Gleichzeitig wurde ein Open-Air-Konzert organisiert: mit Beethovens 9. Sinfonie wollten die Kulutrbetriebe ein Zeichen setzen gegen Fremdenfeindlichkeit, Hetze und Gewalt. Ttrotz Regen waren rund 5000 zu dem Konzert auf den Theaterplatz gekommen.

Nicht nur in Berlin dauert die Diskussion über die Aussagen von Verfassungsschutz-Präsident Hans-Georg Maaßen (56) in der BILD-Zeitung an. Aus den Reihen der Opposition kommen Rücktrittsforderungen gegen den Verfassungsschutz-Präsidenten.

Viele namhafte Journalisten, die in Chemnitz waren, widersprechen Maaßen.

Bei seiner umstrittenen Äußerung hatte Maaßen der "Bild"-Zeitung gesagt, dem Verfassungsschutz lägen keine belastbaren Informationen darüber vor, dass bei den Demonstrationen in Chemnitz "Hetzjagden" stattgefunden hätten. «Es liegen keine Belege dafür vor, dass das im Internet kursierende Video zu diesem angeblichen Vorfall authentisch ist.» Nach seiner vorsichtigen Bewertung «sprechen gute Gründe dafür, dass es sich um eine gezielte Falschinformation handelt, um möglicherweise die Öffentlichkeit von dem Mord in Chemnitz abzulenken». Informationen, die Maaßens Einschätzung untermauern könnten, nannte auch das BfV in seiner Stellungnahme vom Abend nicht.

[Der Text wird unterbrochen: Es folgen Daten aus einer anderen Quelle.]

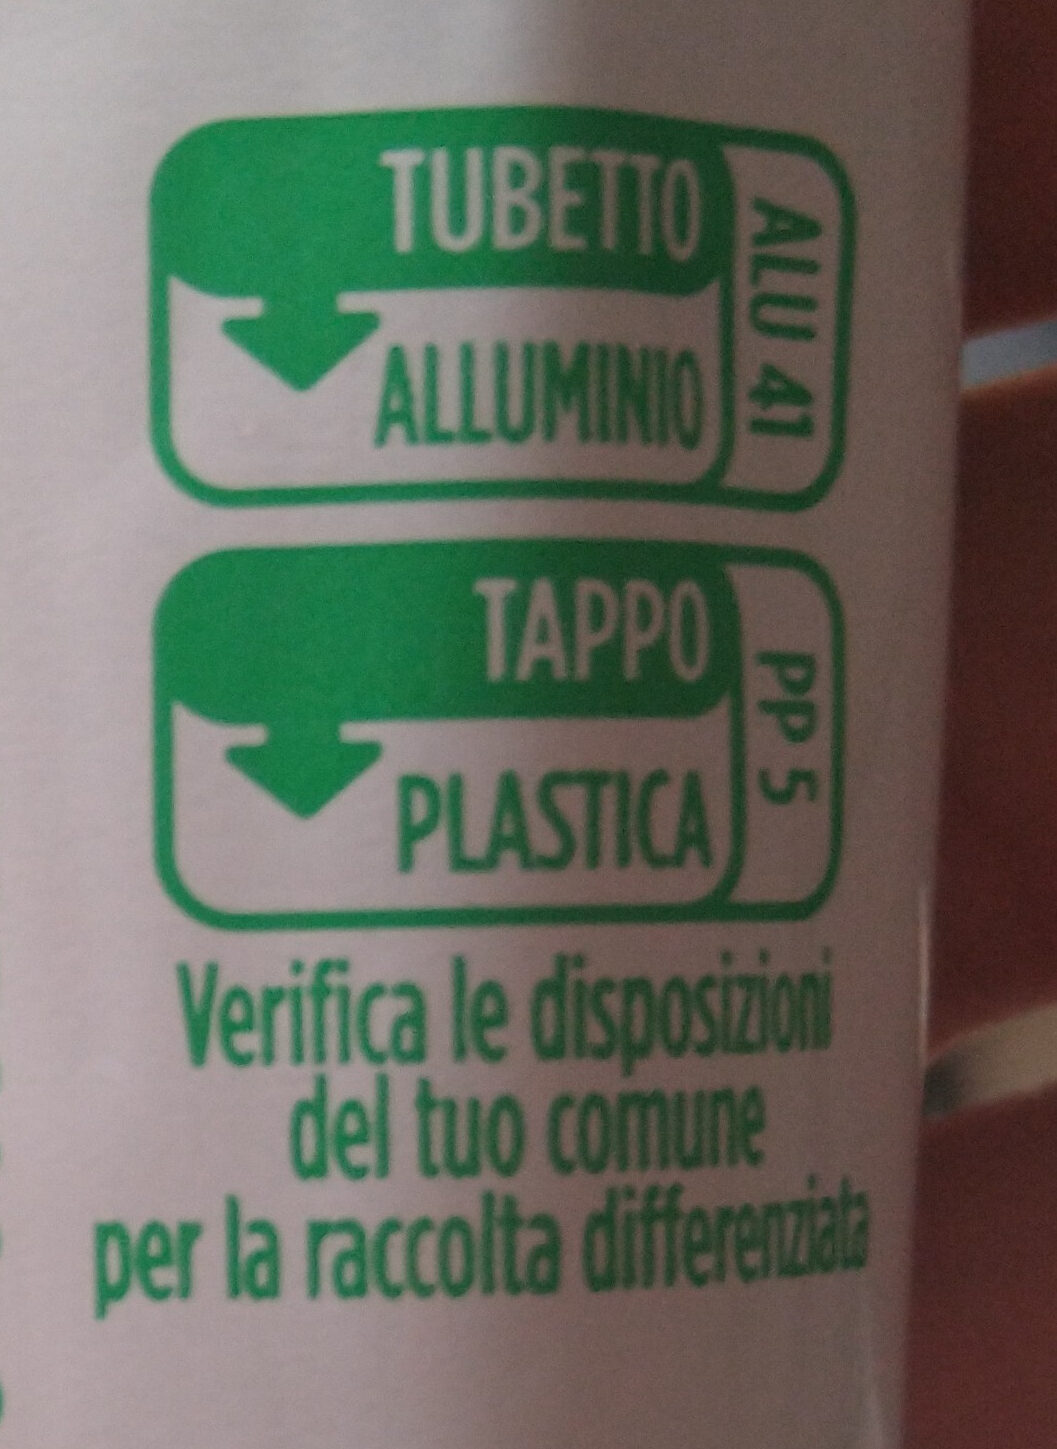 Le verdurine - Istruzioni per il riciclaggio e/o informazioni sull'imballaggio

Das Video zeigt einen Übergriff auf zwei Männer, möglicherweise Migranten und aufgenommen am Rande der früheren Proteste. Einer wird mehrere Meter verfolgt und mit einem Tritt attackiert. Die Generalstaatsanwaltschaft Dresden hält die Aufnahme für echt. «Wir haben keine Anhaltspunkte dafür, dass das Video ein Fake sein könnte», sagte Oberstaatsanwalt Wolfgang Klein «Zeit Online». Er wisse nicht, aufgrund welcher Informationen Maaßen zu anderen Schlussfolgerungen gekommen sei.

Generalstaatsanwalt sieht auf Video "Vielzahl von Straftaten"

Der Generalstaatsanwaltschaft zufolge sind auf Videos «eine Vielzahl von Straftaten» festgehalten, darunter Körperverletzung, Beleidigung und Landfriedensbruch. Derzeit gebe es 120 Ermittlungsverfahren zu Vorfällen vom 26. und 27. August. Ein Sprecher sagte aber auch: «Bis jetzt haben wir nach wie vor keine Anhaltspunkte für sogenannte Hetzjagden gefunden», in dem Sinne, dass Menschen durch die Straßen gejagt und verprügelt worden seien. Die Auswertung gehe weiter

Angriff auf jüdisches Restaurant in Chemnitz

Am Abend des 27. August sei das jüdische Restaurant «Schalom» von etwa einem Dutzend Vermummter angegriffen worden, berichtet die «Welt am Sonntag». Sie hätten «Hau ab aus Deutschland, Du Judensau» gerufen und mit Steinen, Flaschen und einem abgesägten Stahlrohr geworfen. Der Eigentümer sei an der Schulter verletzt worden, eine Fensterscheibe zu Bruch gegangen. Das Landeskriminalamt habe eine entsprechende Anzeige des Wirts bestätigt. Ein Sprecher des Innenministeriums sagte dem Blatt, dass «derzeit eine politisch motivierte Tat mit einem antisemitischen Hintergrund naheliege». Die Ermittlungen seien allerdings noch nicht abgeschlossen.